Another definition of privatisation is reliance on "more on private institutions and less on government, to satisfy people’s needs”.[3] The concept of privatisation can be construed in a narrow or broad sense.[3] The narrow scope of privatisation is portrayed as the sale of public goods, while the broader understanding of privatisation involves the transfer of "ownership, management, finance and control" of public goods to private actors.[3] Historically, the Australian government played an influential role in society as the idea of a strong state was prevalent to the Australian story since Federation.[4] This changed in the twentieth-century, as Australia's adoption of privatisation as a set of government policies, reflected the rise of privatisation across the Western world, specifically in the United States and United Kingdom.[5] The Australian experience of privatisation involves substituting government ownership, provision and funding to the private sector, in an attempt to liberalise the economy.[6] The effectiveness of such policies is contested, as the motivations of privatisation are widely debated.[7][8][9][10]

History

20th century

While economic literature points to the United Kingdom as being the first government to use privatisation in the modern era, the Nazi government in Germany undertook a series of privatisation policies to consolidate control of power over the economy.[11] While it may appear contradictory that privatisation consolidates control over the economy, the Nazis realised that the economic fortunes of privatisation would flow to Nazi officials who would subsequently, "exert control over the economy."[11]

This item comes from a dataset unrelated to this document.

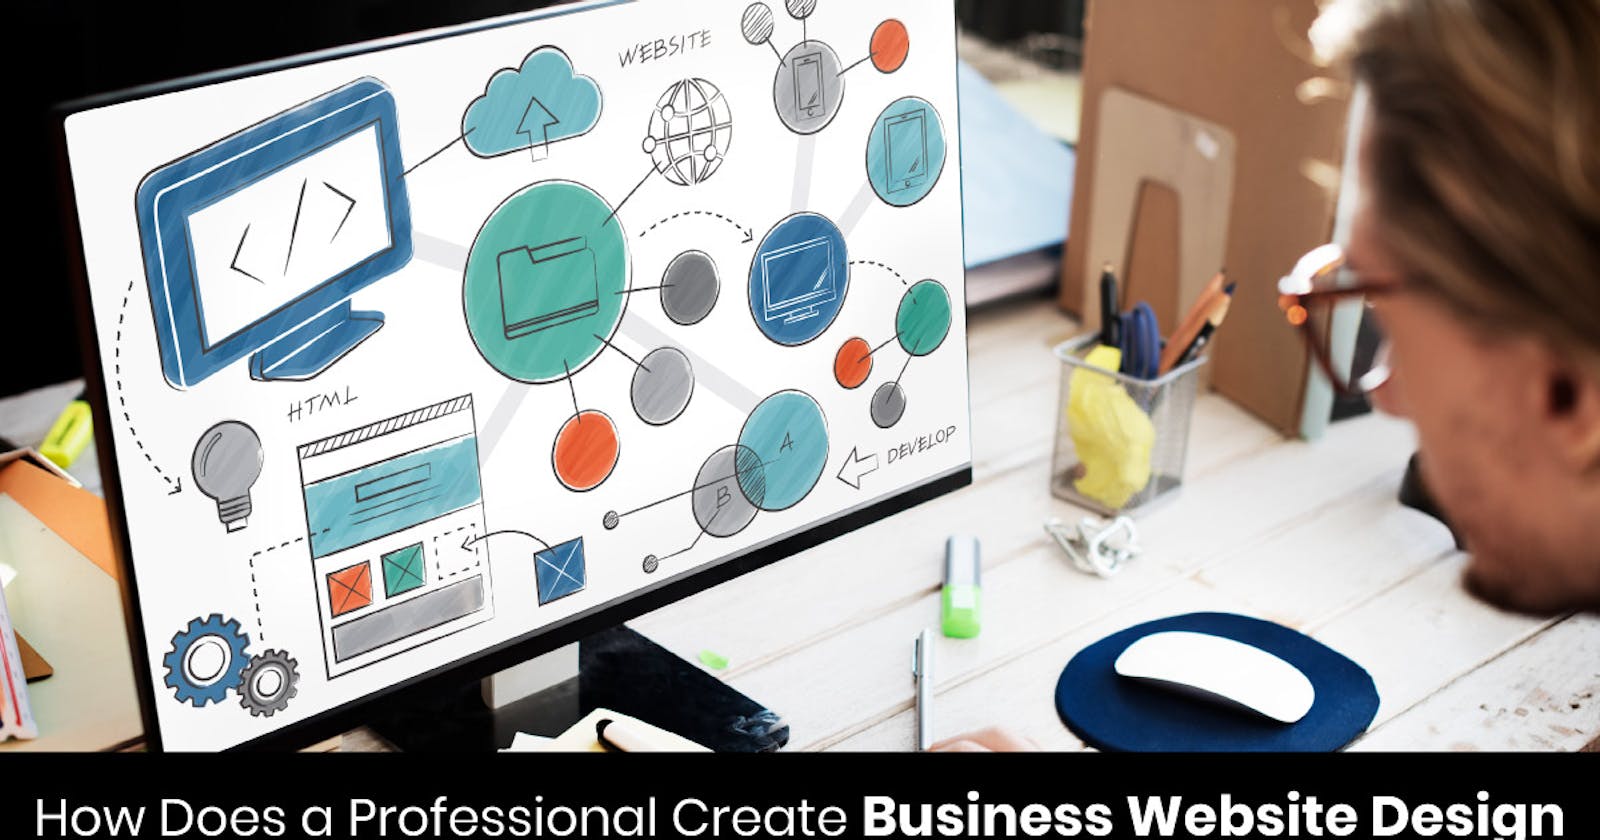 How Does a Professional Create Business Website Design?

Australia's 23rd Prime Minister (1983-1991) Bob Hawke initiated reforms that modernised the economy.

In Australia, the greatest influence on privatisation were the policies of the Thatcher government, who “unleashed a wave of privatizations that transformed the economy” and became a model for other Western economies.[12] Unlike the rest of the world, Australia's privatisation program was relatively early as it first commenced in the 1990s, under the Hawke Labor Government.[13] The New South Wales state government began the process of privatisation earlier than the federal government, in 1989.[14] Australia's first act of privatisation occurred in 1991, when the federal government sold the Commonwealth Bank of Australia, followed by the partial sale of Telstra and Qantas, all of which were significant national icons.[13] The sectors most affected by privatisation in the 1990s, were finance, electricity and transport, estimating profits of up to $61 billion from both federal and state privatiaation policies.[13] Consequently, Australia became second ranked in the world for privatisation profits, employing one of the most comprehensive programs, the effects of which are continuing to impact the economy.[13]

Hawke-Keating Government (1983–1996)

The Hawke-Keating Labor Government's were instrumental in implementing deregulation policies that resulted in modernizing Australia's economy.[15] Emerging industries replaced traditional ones that suddenly became non-competitive, as productivity in the finance, education and legal sector increased, as real wages grew concurrently.[15] The decision to transition the Australian Dollar to a floating exchange rate in 1983 increased stability and confidence in the economy, as part of the deregulation program, that laid the foundations for a modern economy.[16] While privatization is supported by neoliberal ideology that stipulates less government intervention in the economy, Australia's history of privatisation was initiated under a Labor government, which appears to defy Labor Party policy objectives. However, during the Hawke-Keating years, there were attempts to remove the ideological underpinnings of the debate on privatisation, as the approach taken by the government was "more about a pragmatic choice" to modernise and open the economy to international markets.[17][15] Prime Minister Hawke said, "The difference between us will be one of ideology. That will distinguish us from the opposition (Liberals)."[17] Hawke was rebuking the charge that Labor had abandoned its commitments to public ownership and enterprise, while highlighting the need for economic rationalism in order to address pressing economic problems. The consensus-style leadership of Bob Hawke enabled structural economic reforms, through the Accord struck in 1983 between Labor and the Australian Council of Trade Unions (ACTU).[18] This accord brought together various stakeholders from unions, welfare organisations and the business community, to secure a mandate for market-oriented economic reforms, while remaining committed to social progress.[18]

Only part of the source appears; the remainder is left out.